_Material provided_
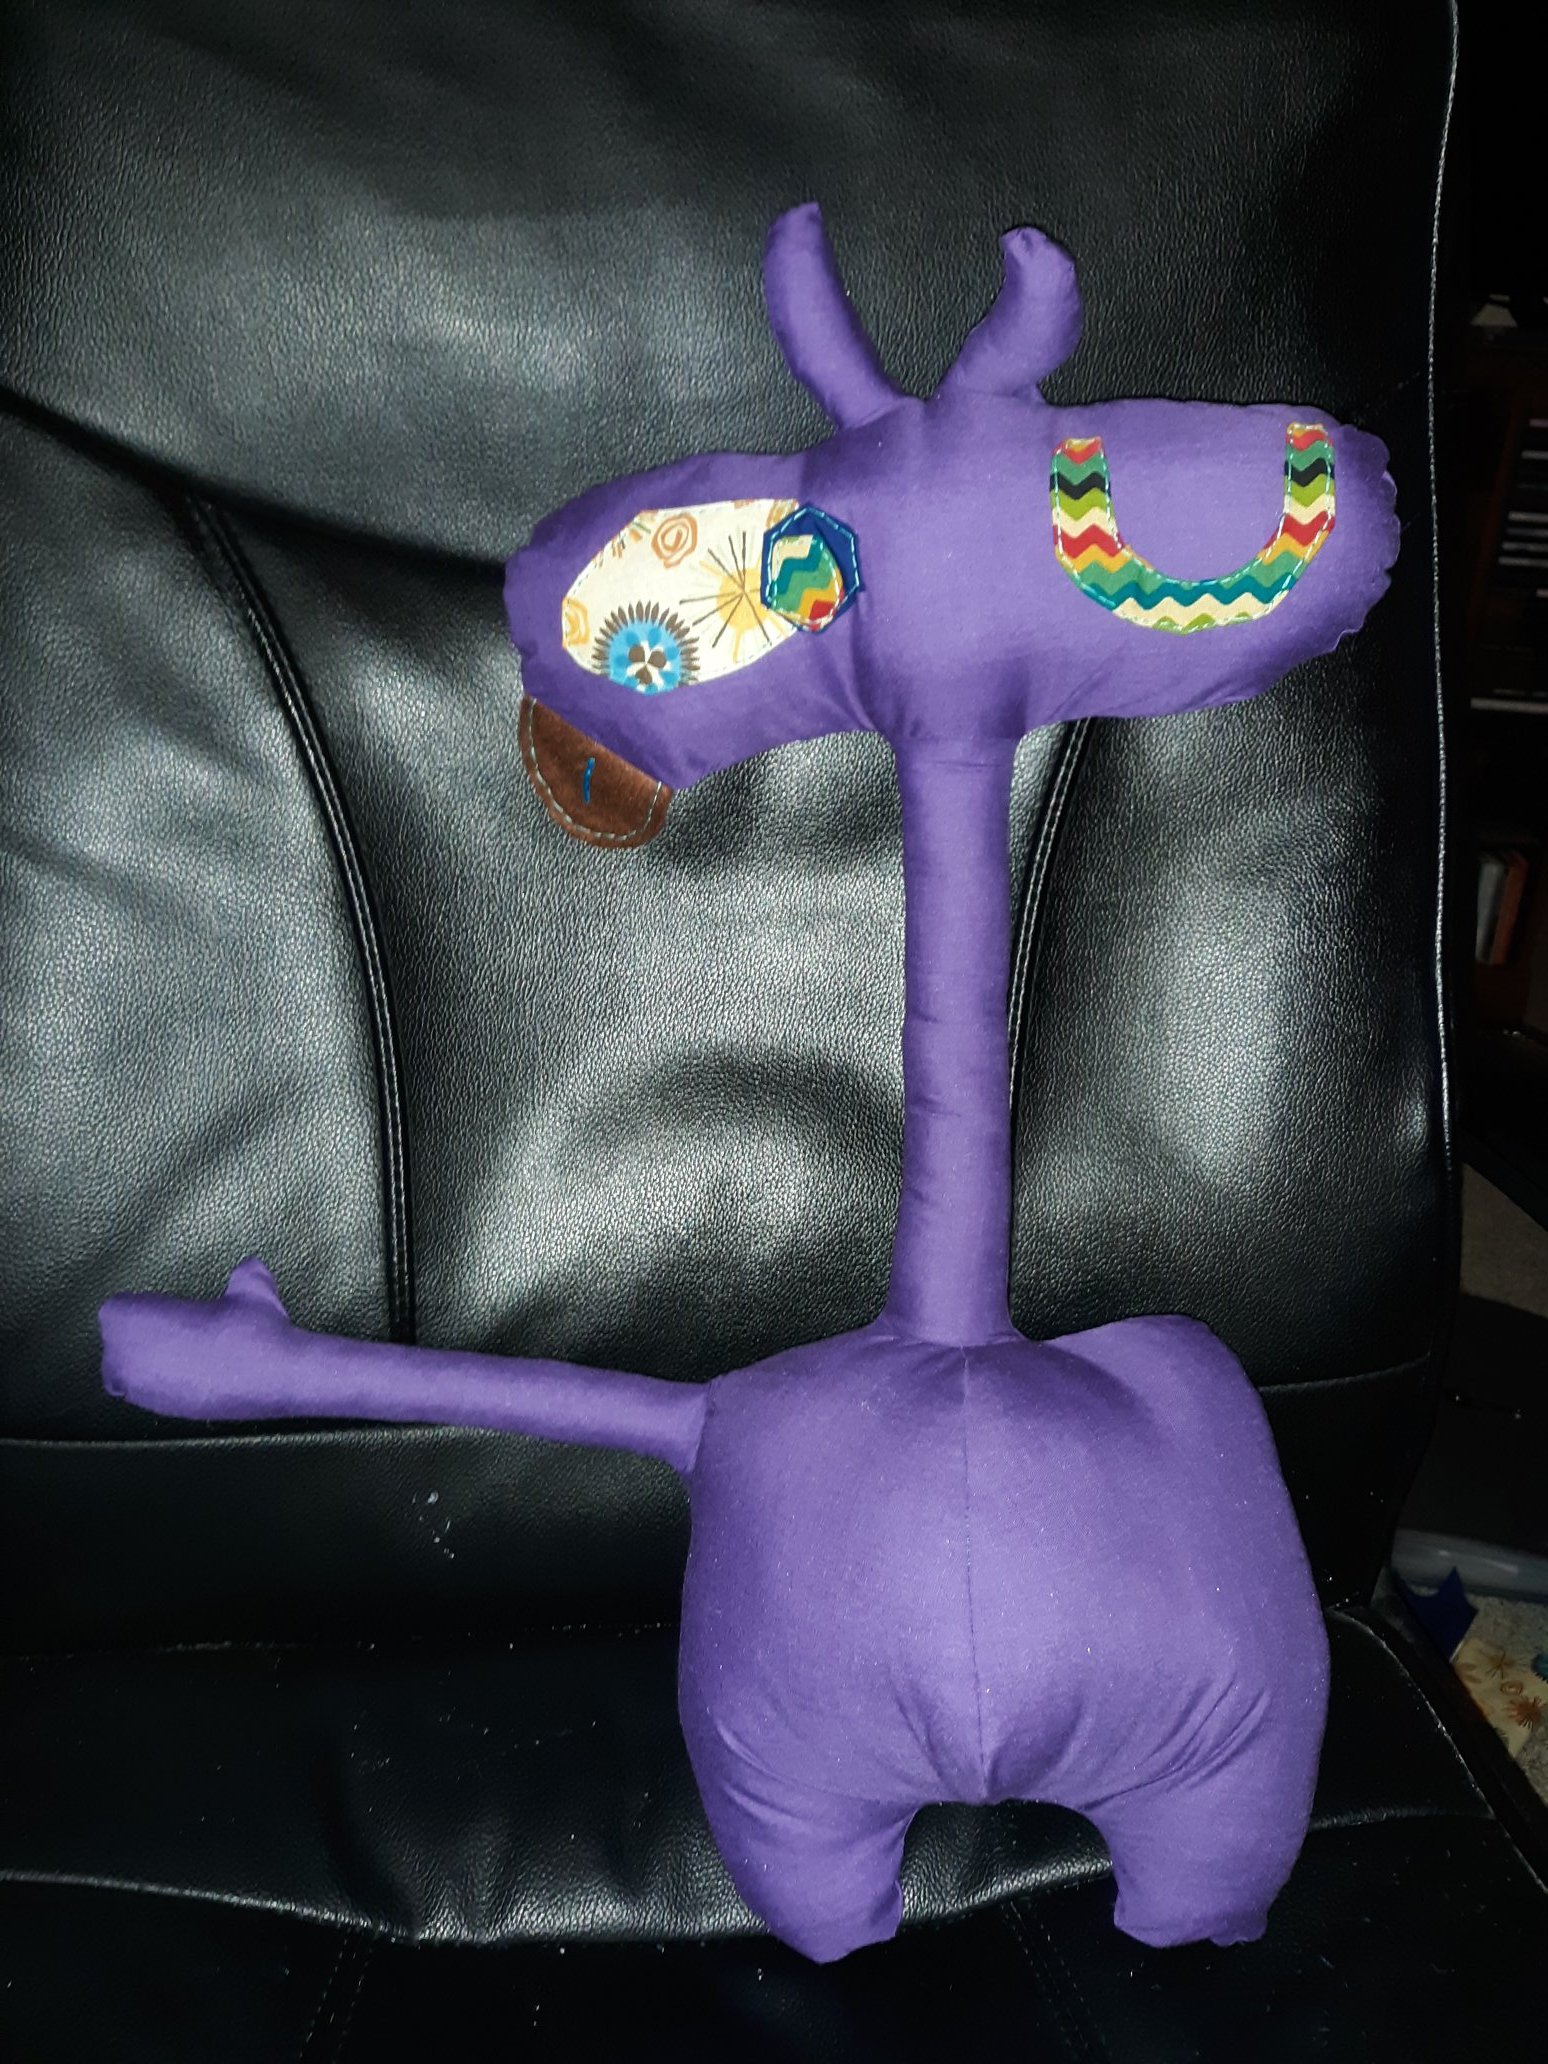 A purple doll with a pill shaped head and a very long thin neck and a round body that has one thin arm sticking out it. The head has two small purple horns coming out of the middle of it. The face is of two eyes with one winking. It has a brown tongue sticking out of the left side of the face. The arm has one hand with the thumb sticking up as if they are asking for a high five from you. They have two stubby feet at the bottom of their body.
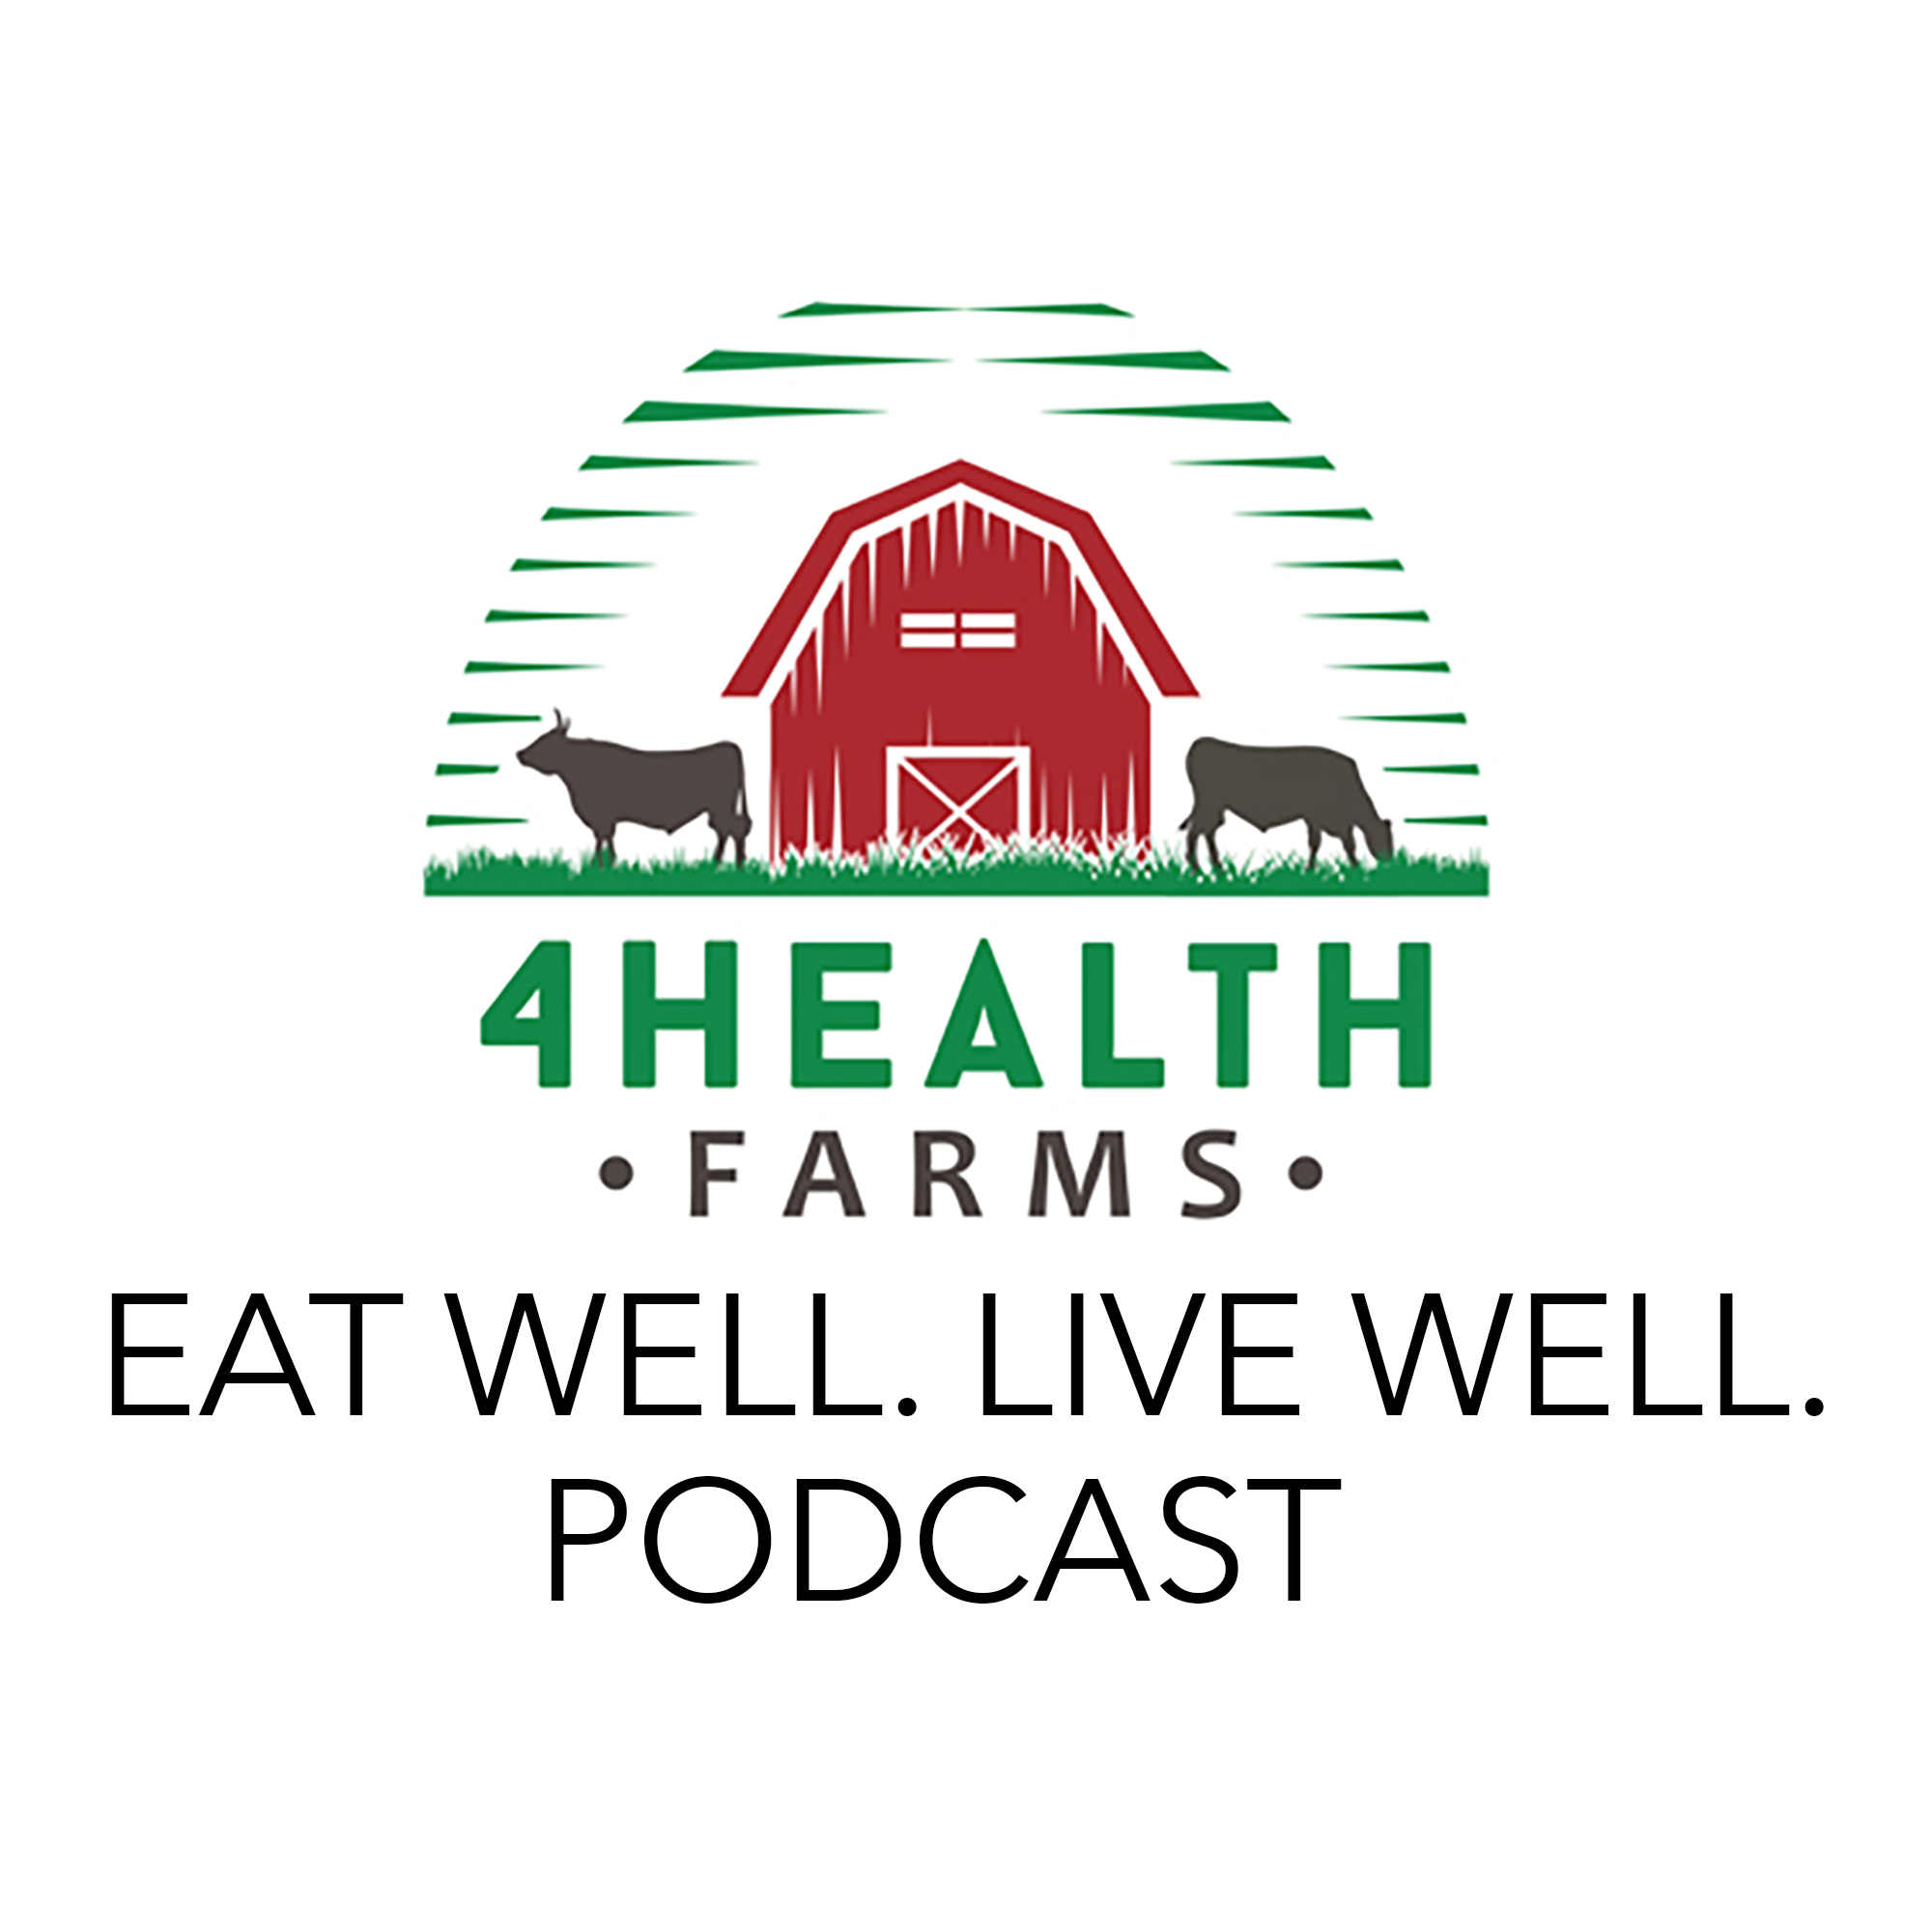 4 Health Farms: EAT WELL. LIVE WELL
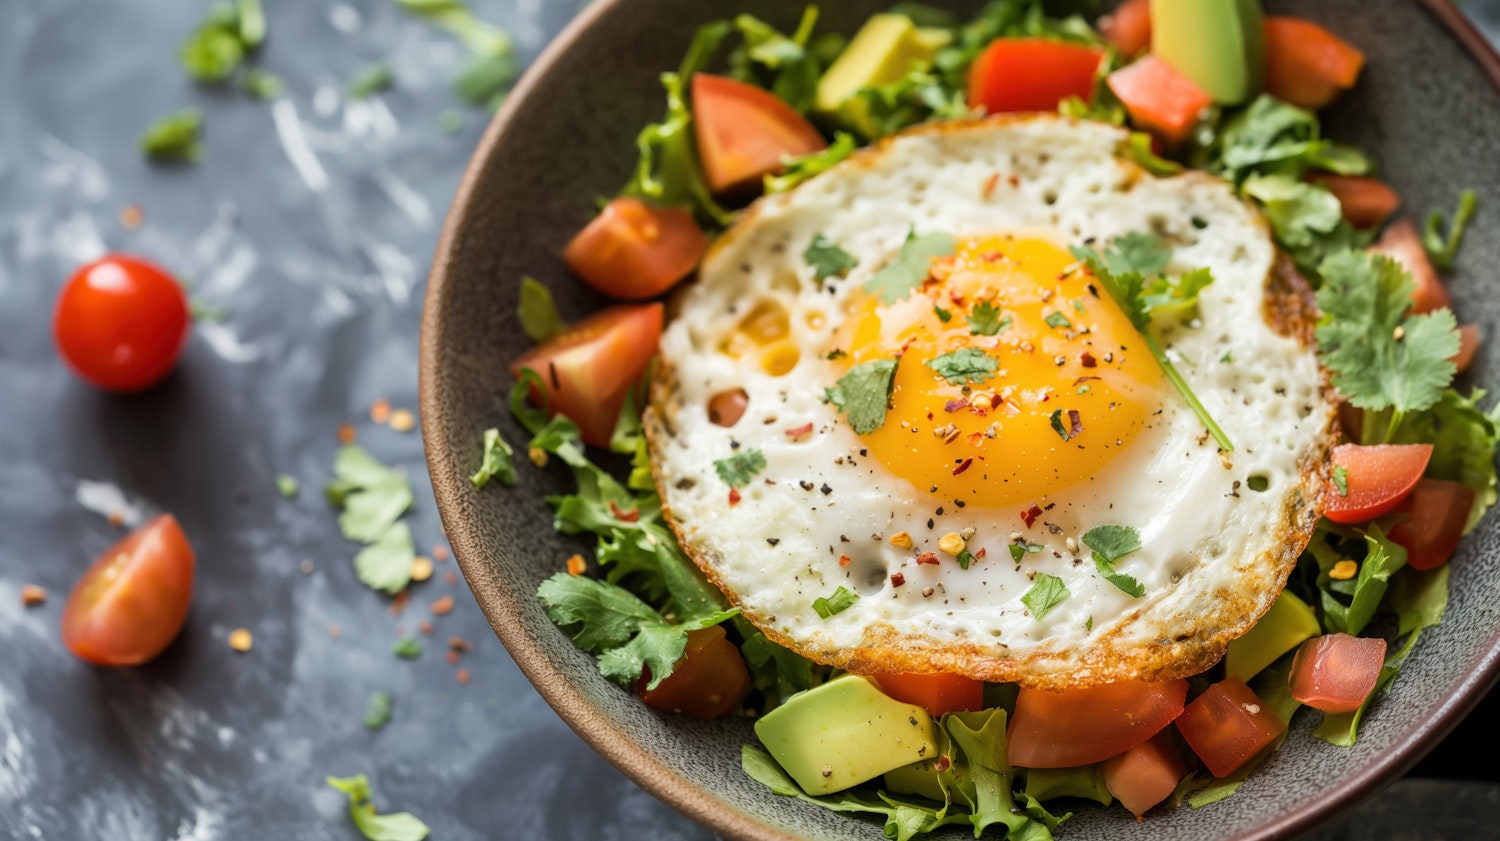 Colorful Salad with Sunny-Side-Up Egg

_Activity_
Reproduce all the material exactly, omitting images.

_Problem solution_
 A purple doll with a pill shaped head and a very long thin neck and a round body that has one thin arm sticking out it. The head has two small purple horns coming out of the middle of it. The face is of two eyes with one winking. It has a brown tongue sticking out of the left side of the face. The arm has one hand with the thumb sticking up as if they are asking for a high five from you. They have two stubby feet at the bottom of their body.
 4 Health Farms: EAT WELL. LIVE WELL
 Colorful Salad with Sunny-Side-Up Egg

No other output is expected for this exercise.